Sharing ideas on how to make a more efficent motor using Flyback (MODERATED)

[Magluvin]

I'm going through reed switches like a knife through butter. Current draw down at 10ma on 12VDC. Simplest bloody pulse motor I've ever made. I'm measuring the flyback at several hundred volts though so it's probably that.

Here is a vid back when I bought these 3in reads. Can find on ebay like I did.  They are not as fast at switching as the tiny ones and have resonance issues at higher freq and harmonics around that point. But will work well for what you are working on.

The second vid is showing the pulse motor slowing acceleration when approaching resonance 'points' then accelerating to the next level.

https://www.youtube.com/watch?v=lkxRNhPG2sE

https://www.youtube.com/watch?v=b7PR8JEVp7A      Lol I burn a slot in the tip of my finger accidentally touching the rotor.

The amount the speed jumps isnt from just adjusting.  This also shows bemf being sent to a 5w resistor and gets very hot to touch. I think I say in the vid the ohm. If I remember it was 5?

Mags

[gotoluc]

Hi everyone,

here is the Bucking Reluctance Motor I Designed

Link to video: https://www.youtube.com/watch?v=WL3kO4n2XsE

If someone can help confirm if CEMF or Lenz is negated in my test or suggest a test that would be appreciated.

Thanks

Luc

[Ed morbus]

Thanks for sharing

[tinman]

Hi everyone,

here is the Bucking Reluctance Motor I Designed

Link to video: https://www.youtube.com/watch?v=WL3kO4n2XsE

If someone can help confirm if CEMF or Lenz is negated in my test or suggest a test that would be appreciated.

Luc
Something is not right with your CVR,be it the value of .1 ohm,or the ability of it to carry the current.
I am leaning toward the second,as the CVR seems far to small to be able to do the job. If your blue trace is across the CVR,and the VPD on your scope for that channel is 5 volt's,then i estimate the average voltage to be about 7 volts across that CVR during the on time. This is an average current of 70 amps,and the average voltage across the two coils seems to be about 8 volt's,as your VPD are 500mV and your probe is set at 10x<-- not sure why you have done it this way,as that is still 5 volts per division.

So using the screen capture below,i see around 560 watts per pulse,and that CVR looks like a 1 watt CVR ?.

[MileHigh]

Luc
Something is not right with your CVR,be it the value of .1 ohm,or the ability of it to carry the current.
I am leaning toward the second,as the CVR seems far to small to be able to do the job. If your blue trace is across the CVR,and the VPD on your scope for that channel is 5 volt's,then i estimate the average voltage to be about 7 volts across that CVR during the on time. This is an average current of 70 amps,and the average voltage across the two coils seems to be about 8 volt's,as your VPD are 500mV and your probe is set at 10x<-- not sure why you have done it this way,as that is still 5 volts per division.

So using the screen capture below,i see around 560 watts per pulse,and that CVR looks like a 1 watt CVR ?.

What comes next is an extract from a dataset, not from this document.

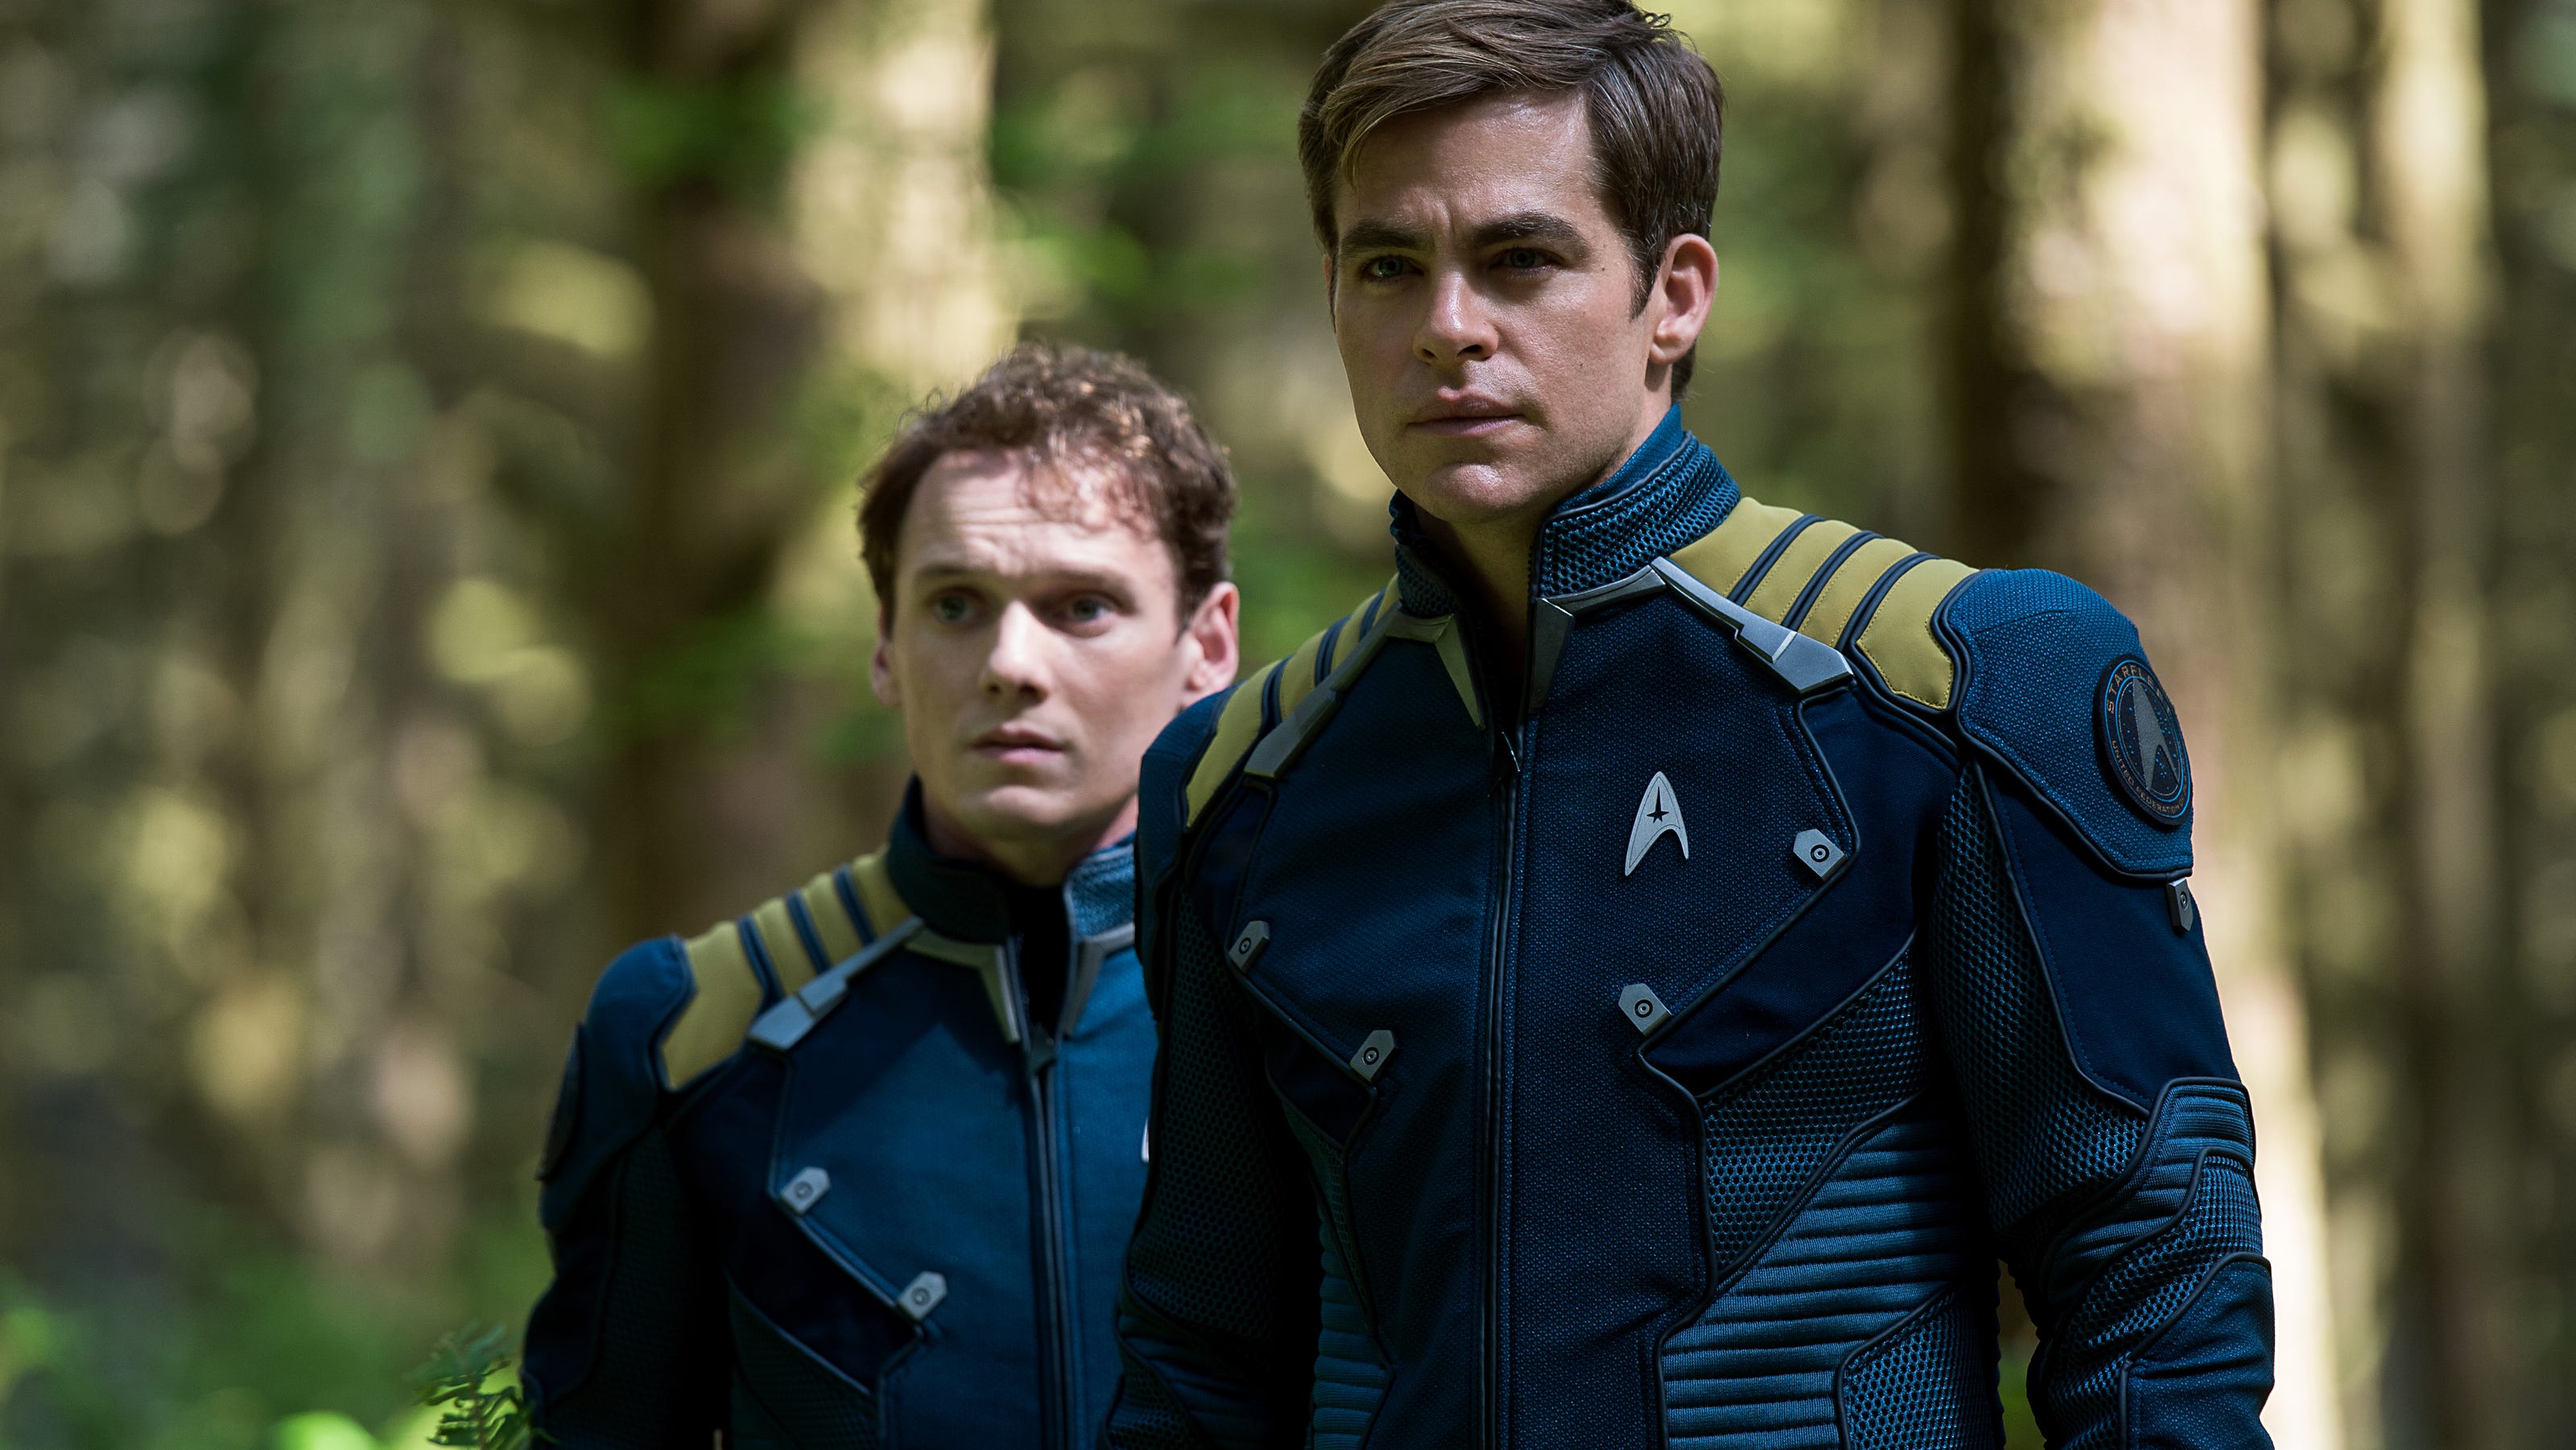 Space Force Uniforms Shades Of Star Trek And Battlestar Galactica

I think saw <black,brown,black> on the resistor so that would make it a one-ohm CVR.  So that would translate into an average current of about 7 amps during the pulse which would make it seem reasonable.  The voltage pulse starts at 11 volts, which is the battery voltage.

You should say, "around 560 watts during the pulse" so as to not confuse power with energy.  You quote energy per pulse.

The battery voltage is about 11 volts, and I am going to guess that it is a lead-acid battery that would normally be at 12.6 volts.  So I believe that gives two options, the battery is relatively new but quite discharged, or the battery is quite old.

For the sake of argument let's assume that it is a relatively new battery that is quite discharged.  That means that it's internal impedance is rather high, and that's why you see the huge voltage droop from the battery as it starts to supply current to the two coils.  The battery starts to croak from the current demands being made by the coils.  The moral of the story is to try to do your experiments with fresh batteries, especially if the load will be drawing heavier currents.  Also, when currents are in the range of 5 amps and above I personally would switch from alligator clips to terminal block type connections.

I am not a fan of this "bucking coils" business, for the most part I view it as doing something "alternative" just for the sake of "being alternative."  In this case when the slab of metal is between the bucking coils, the magnetic fields are mostly cancelling each other out.  Even when the coils have air between them, they are cancelling each other out.

If I can make a suggestion to you Luc it's this:  Just wire a switch to turn the coils on and off manually.  Move the slab of metal through the gap between the two coils step-by-step and feel the pull on the slab when you switch the coils on.  Very low tech, just feel what is going on with your hands.  Then reverse the wiring in one of the coils so they are no longer bucking and repeat the same procedure.

I am willing to bet you that you will get a much stronger pull force when the coils are "normally" wired and not in a "bucking" configuration.

Finally, what do you mean by "counter-EMF trying to negate Lenz" for your design?